The Bolsheviks had predicated their leading the October Revolution in Russia on the expectation of an imminent European workers’ revolution for socialism. For instance, the strike wave in Germany of 1916 that had split the Social-Democratic Party there, as well as the waves of mutinies among soldiers of various countries at the front in the World War, had indicated the impending character of revolution throughout Europe, and indeed throughout the world, for instance in the vast colonial empires held by the European powers.

This had not happened — but it looked like a real, tangible possibility at the time. It was the program that had organized millions of workers for several decades prior to 1917.

So what had the October Revolution accomplished, if not “socialism” or even the “dictatorship of the proletariat”? What do we make of the collapse of the 1917 revolution into Stalinism?

As Leo Panitch remarked at a public forum panel discussion that Platypus held in Halifax on “What is political party for the Left” in January 2015, the period from the 1870s to the 1920s saw the first as well as the as-yet only time in history in which the subaltern class organized itself into a political force. This was the period of the growth of the mass socialist parties around the world of the Second International. The highest and perhaps the only result of this self-organization of the international working class as a political force was the October Revolution in Russia of 1917. The working class, or at least the political party it had constituted, took power, if however under very disadvantageous circumstances and with decidedly mixed results. The working class ultimately failed to retain power, and the party they had organized for this revolution transformed itself into the institutionalized force of that failure. This was also true of the role played by the Social-Democratic Party in Germany in suppressing the revolution there in 1918–19.
But the Bolsheviks had taken power, and they had done so after having organized for several decades with the self-conscious goal of socialism, and with a high degree of awareness, through Marxism, of what struggling towards that goal meant as a function of capitalism. This was no utopian project.
The October 1917 Revolution has not been repeated, but the February 1917 Revolution and the July Days of 1917 have been repeated, several times, in the century since then.
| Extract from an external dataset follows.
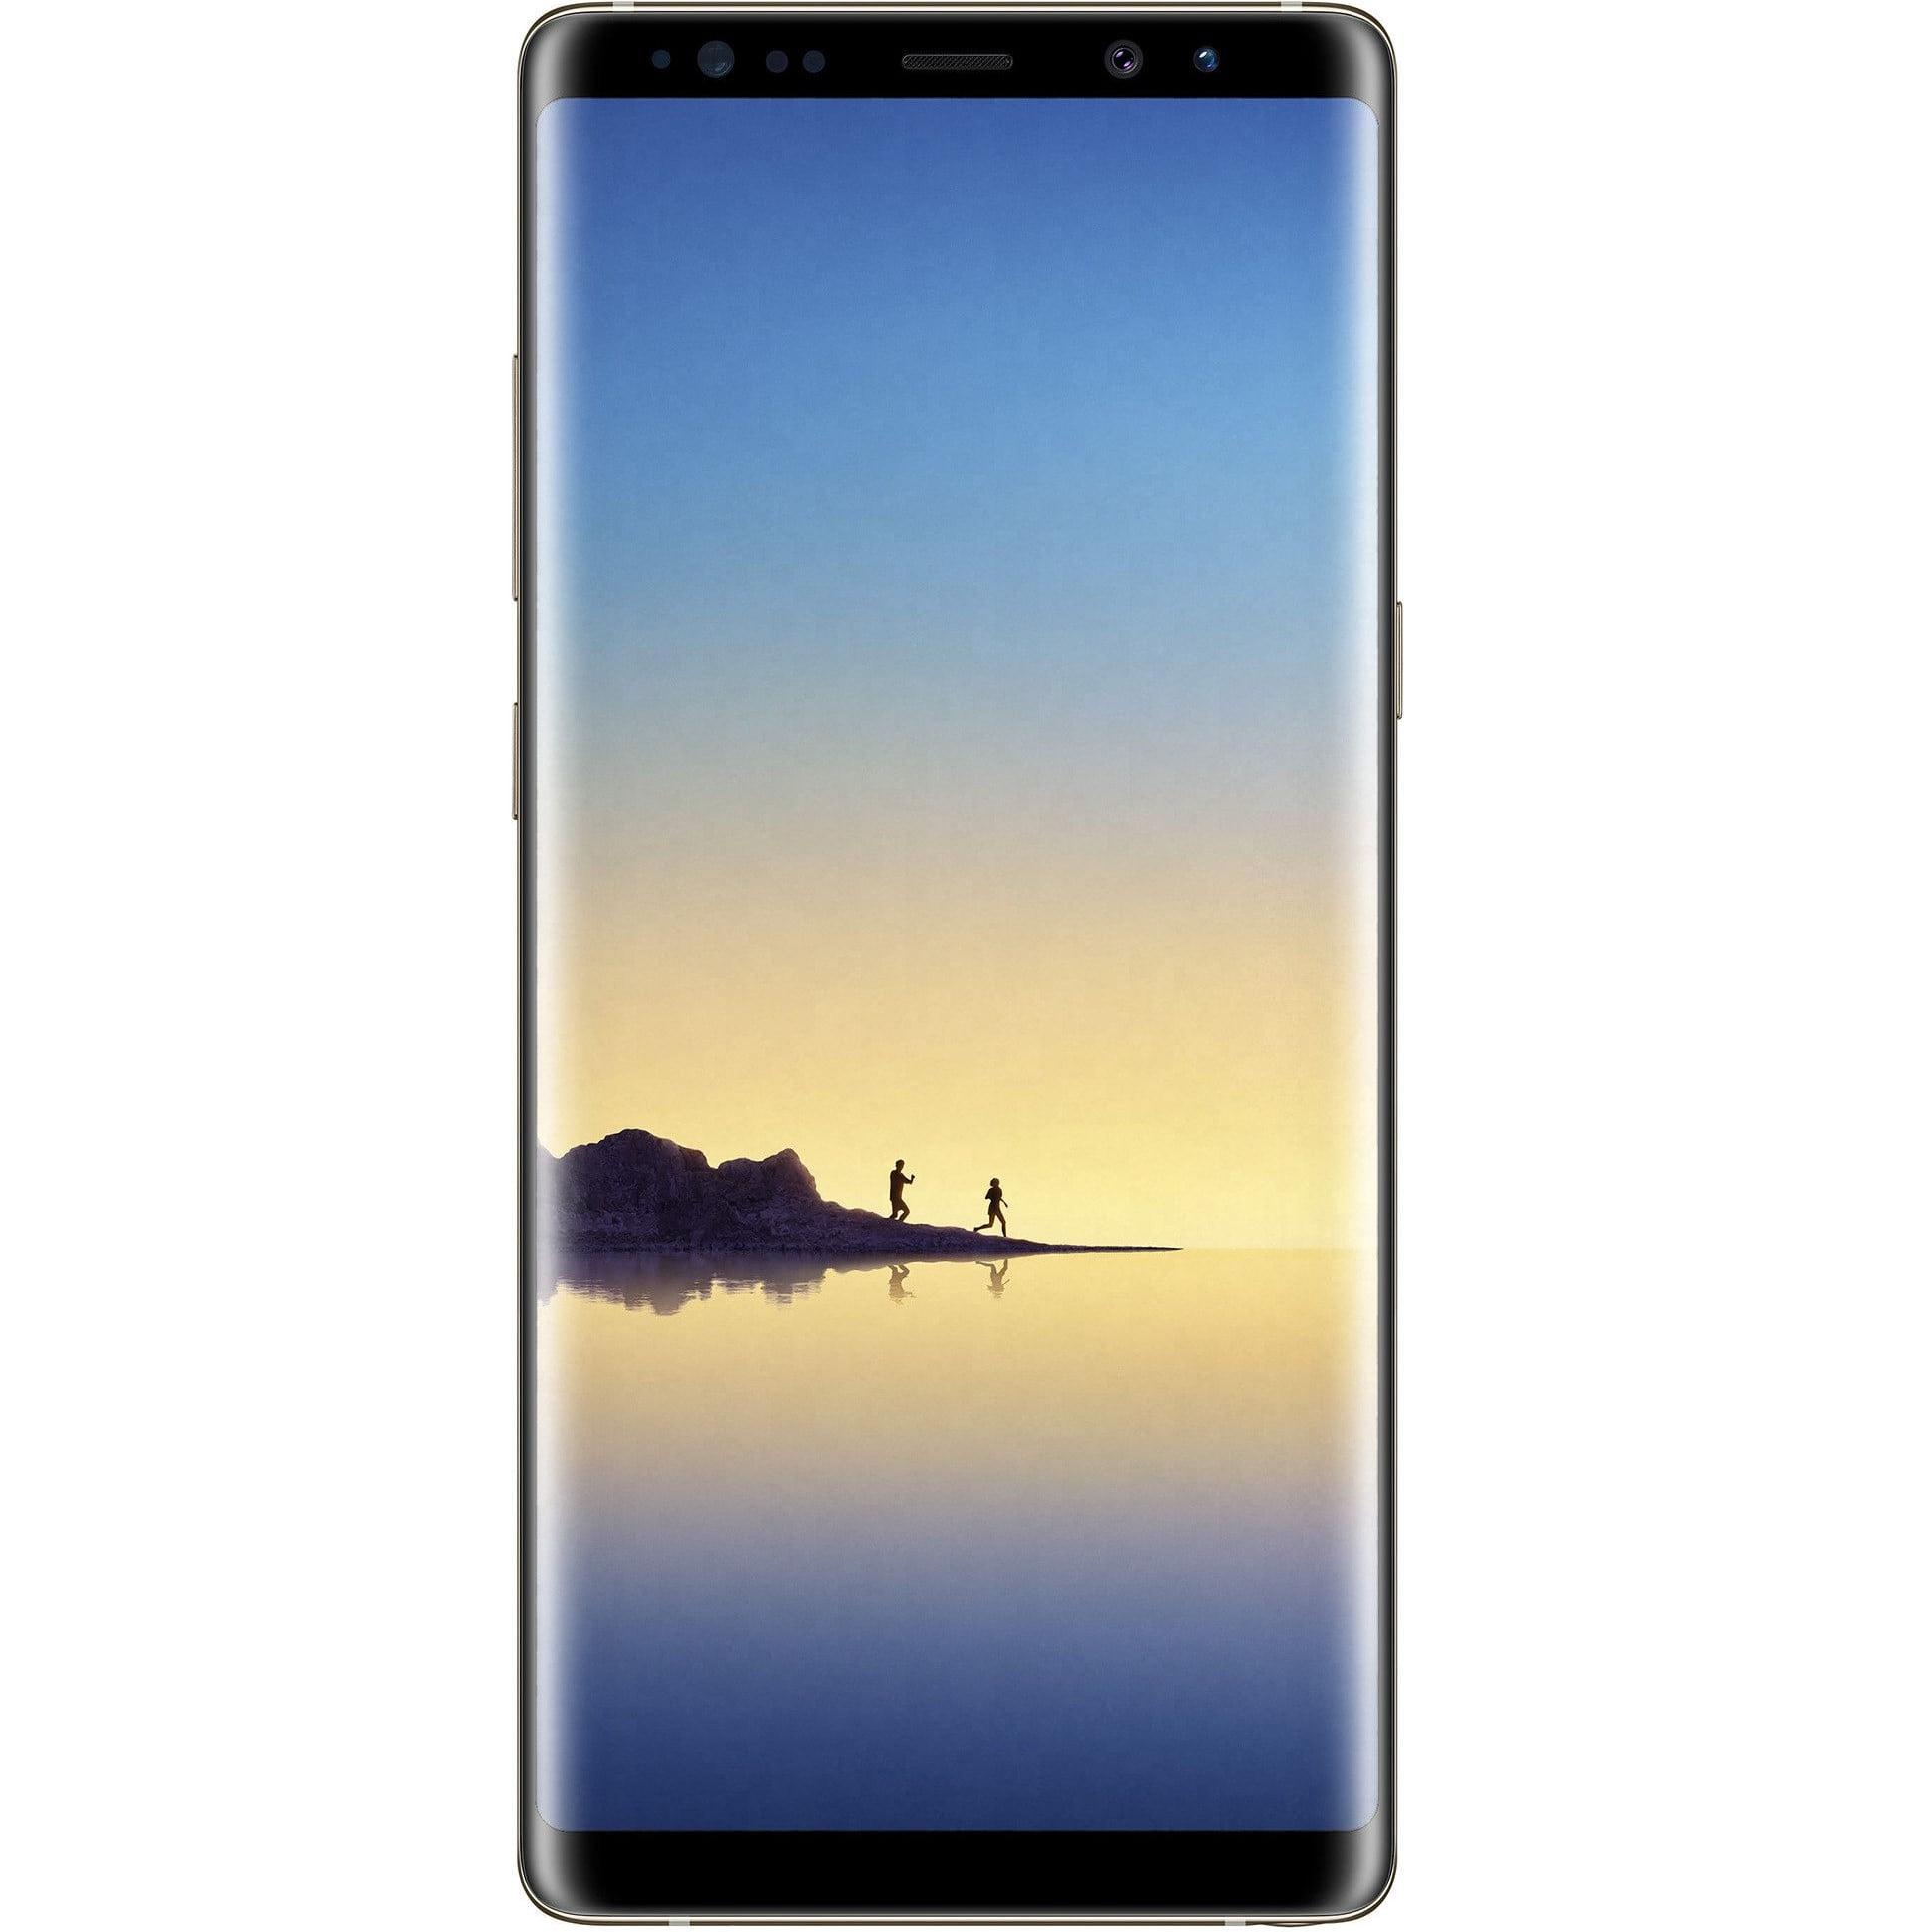 Telefon mobil Samsung Galaxy Note 8, Dual SIM, 64GB, 6GB RAM, 4G, Orchid Gray

In this sense, from a Marxist perspective what has been repeated — and continued — was not really 1917 but rather 1848, the democratic revolution under conditions of capitalism that has led to its failure. — For Marx, the Paris Commune of 1871 had been the repetition of 1848 that had however pointed beyond it. The Paris Commune indicated both democracy and the dictatorship of the proletariat, or, as Marx had put it, the possibility for the “revolution in permanence.” 1871 reattained 1848 and indicated possibilities beyond it.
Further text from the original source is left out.